The impacts of a mining project can be considered permanent, so it’s only fair to expect that the compensation should be permanent too
What seems to be a relatively simple exercise turns out to be much more complex than we thought. The issues of additionality and leakage are poorly dealt with in existing biodiversity offset projects – and as a result, they are much less effective than they could be.
Another key question is whether the biodiversity gains are permanent.
After all, the impacts of a mining project can be considered permanent, so it’s only fair to expect that the compensation should be permanent too.
If it’s not – for example, if a forest restoration project fails or a conserved forest is cut down in the future – then the mining impacts have not been properly offset.
Existing projects don’t tend to consider these risks.
Knowing what counts
Then there is the question of how to measure the impacts at a mine site and the gains at the offset site.
Should we look at mammals, birds, reptiles, or plants? What if the two sites have different biodiversity? Is it possible to compare apples and oranges? Only if we have a way to measure the relative conservation significance of the apples and oranges.
Obviously, not everything counts, and not everything can be counted. What we need is a way to measure that the habitat and its species are properly viable.
In doing this, companies need to measure a range of things rather than rely on just one. Rio Tinto, for example, chose to measure only the vertical structure of the forest as an indicator of its intactness.
Yet when we measured more direct attributes in this case study, such as the plant or bird diversity lost as a result of mining, our estimate of the damage done by the mining was twice as large as the company’s estimate. For example, the total amount of habitat lost through mining could vary from 680 hectares using the vertical structure method, compared with 1480 hectares using plant diversity as a measure.
And if the conservation significance is measured, such as the number of local endemic species per area (meaning species that can only be found in a particular geographic area), then the habitat is simply so significant that it cannot actually be offset, because no other habitats in the landscape match it in significance.
A fair go for local communities
Biodiversity offsetting should not just be about protecting ecosystems.
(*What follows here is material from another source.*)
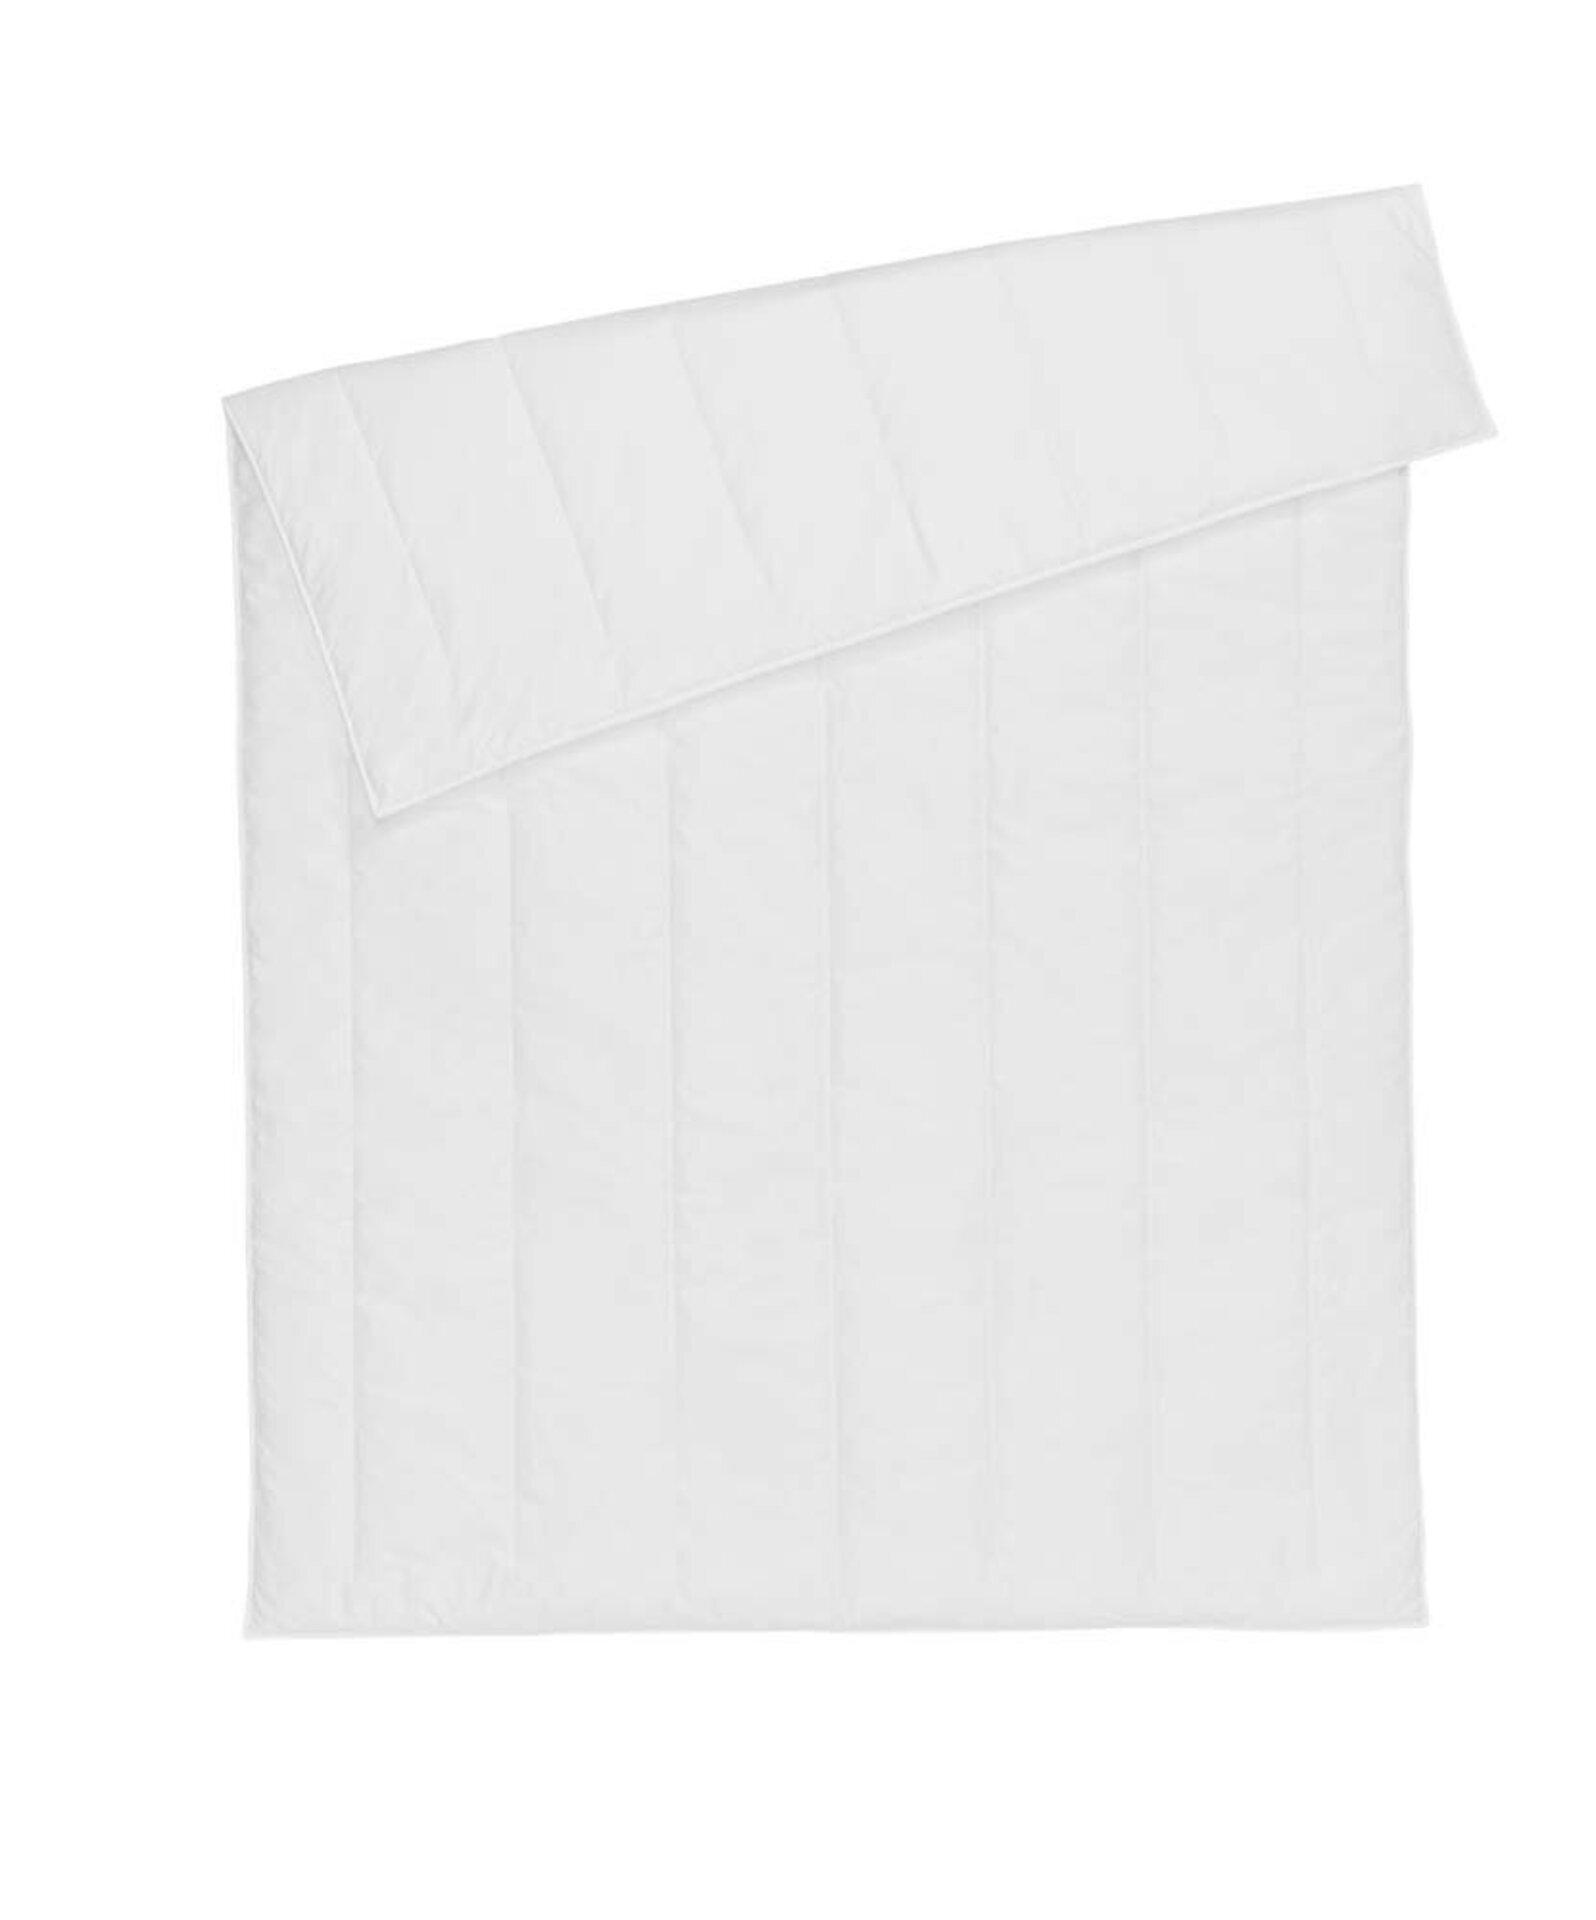 Ganzjahresdecke ALLERGO Protect Duo-Leicht Centa-Star Textil 135 x 200 cm

The approach should also be fair to local communities, not least because biodiversity is often the commodity of the poor.
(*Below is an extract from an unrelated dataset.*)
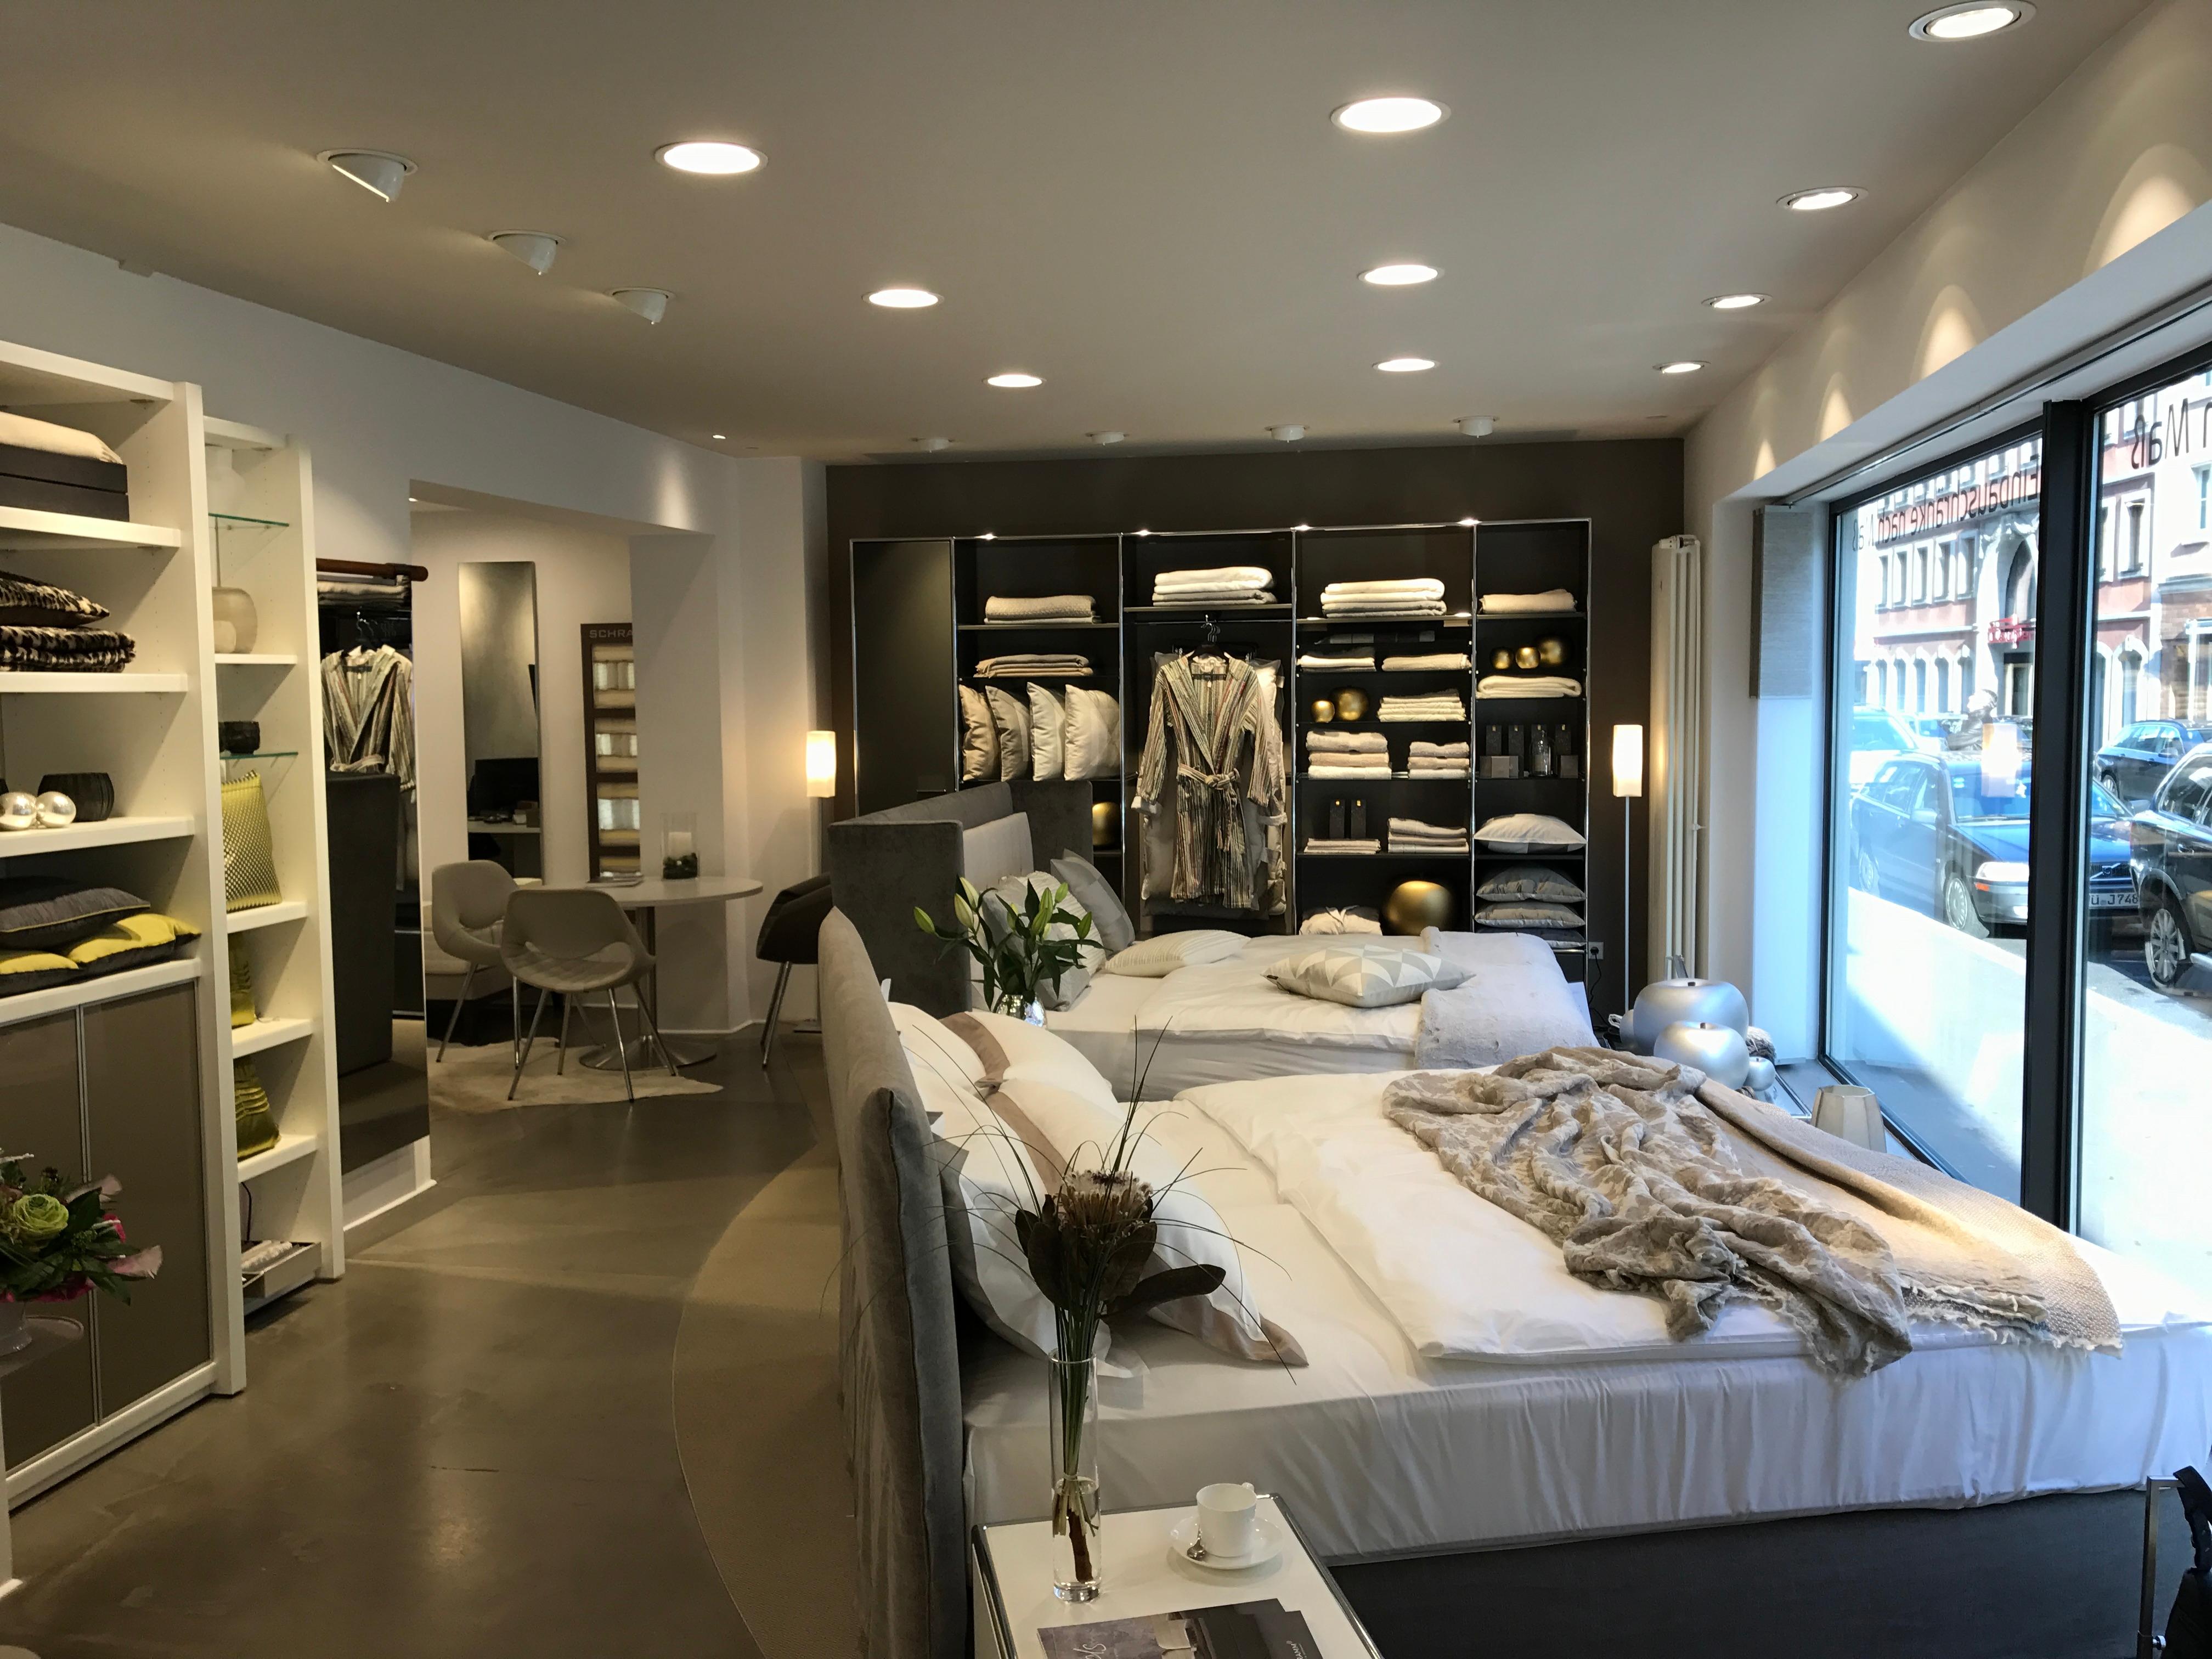 freiraum iris bothe e k einrichtung und mode ffnungszeiten freiraum iris bothe e k. Black Bedroom Furniture Sets. Home Design Ideas

Again, in the Rio Tinto case, the utilitarian value of the biodiversity to communities turned out to have a much higher conservation importance than was anticipated by the company. For example, the company’s 680 hectares measurement of habitat loss becomes 1396 hectares when calculated according to the amount of utilitarian plant diversity lost to local communities.
The key question
So, back to my initial question: do biodiversity offsets touted by mining companies actually work?
First, we should acknowledge that efforts by many companies – including first and foremost by Rio Tinto – in aiming to create a net positive biodiversity impact for all mining operations, is a laudable one.
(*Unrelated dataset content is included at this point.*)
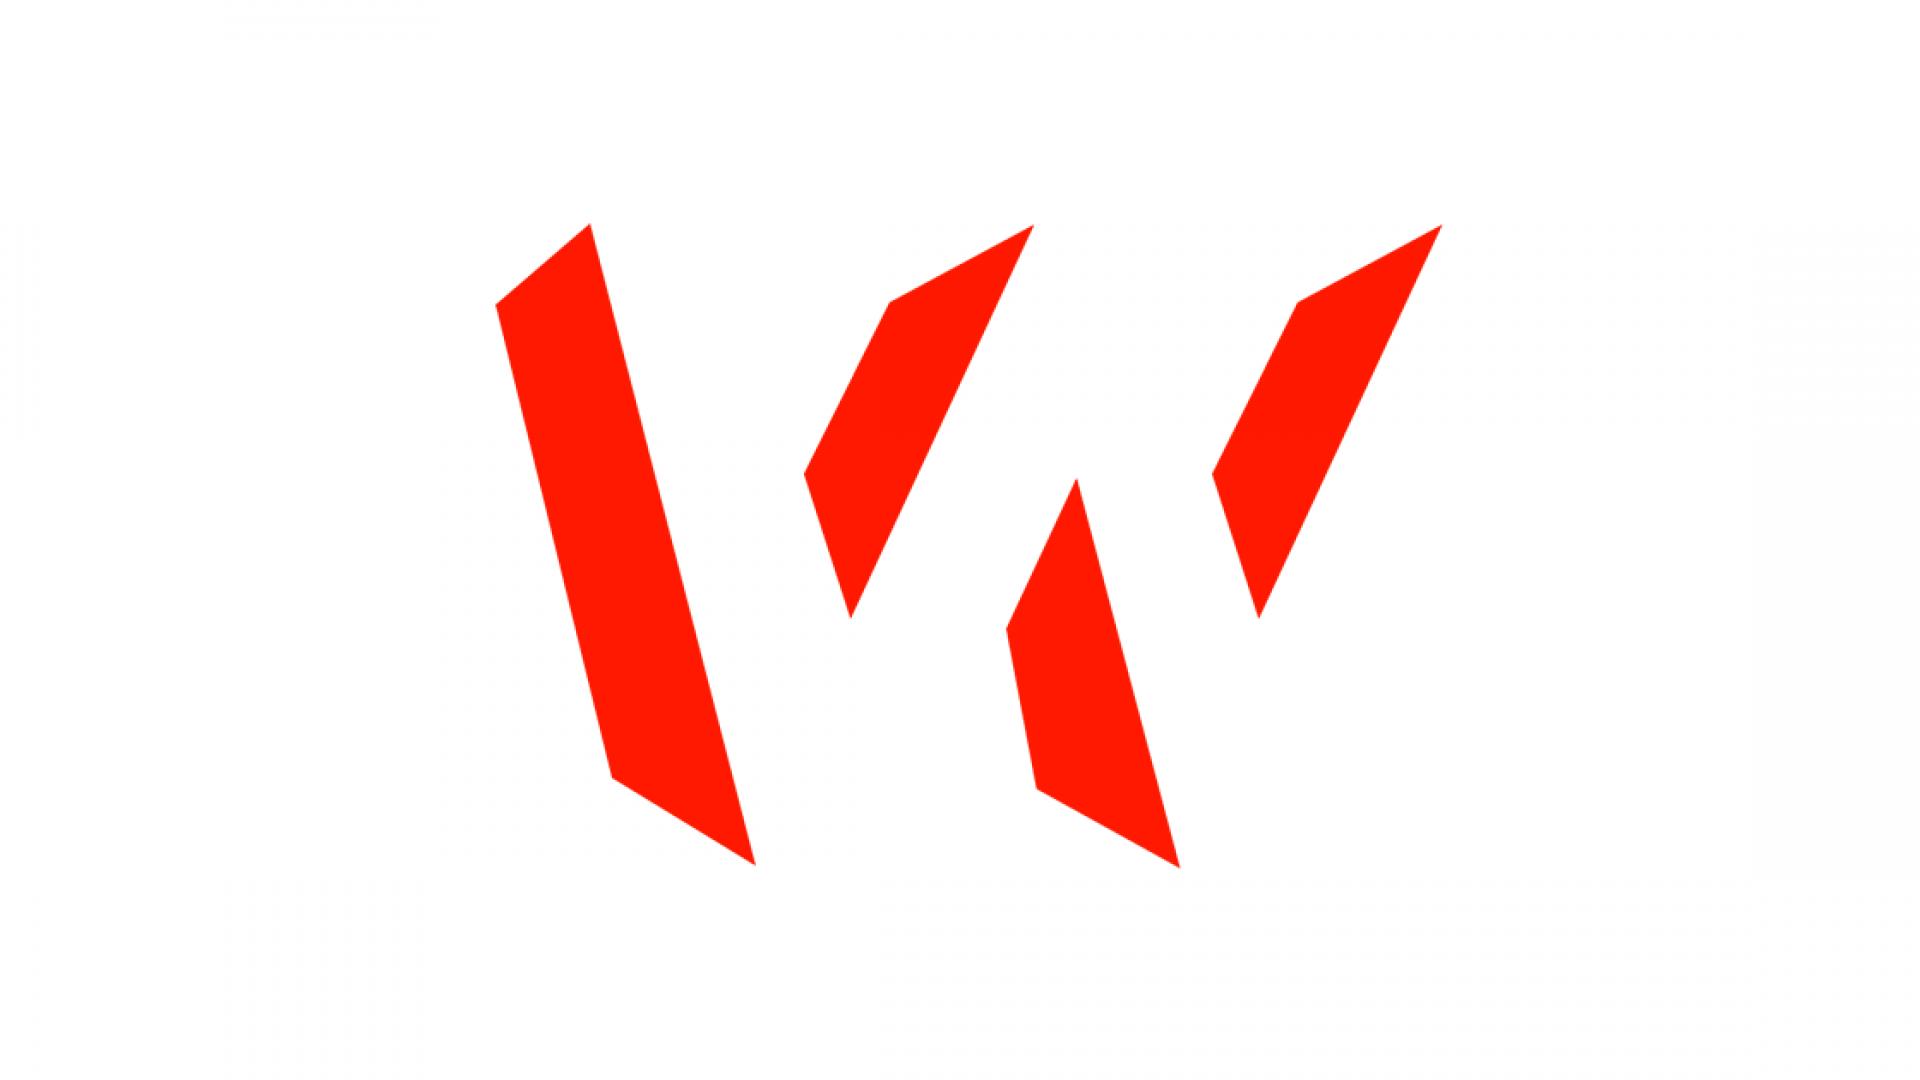 wiener festwochen logo kunstsalon Sans Souci Vienna

But as the science of offsetting evolves, these companies need to keep up-to-date and develop better ways of quantifying the losses and gains. This will help them design ways to deliver biodiversity gains that are genuine, additional, permanent, and fair to local communities.
We’re not quite there yet, but when it happens, those companies will be well on the way to embracing true sustainability. Then we can feel less uneasy about investing in businesses that leave large footprints on the land.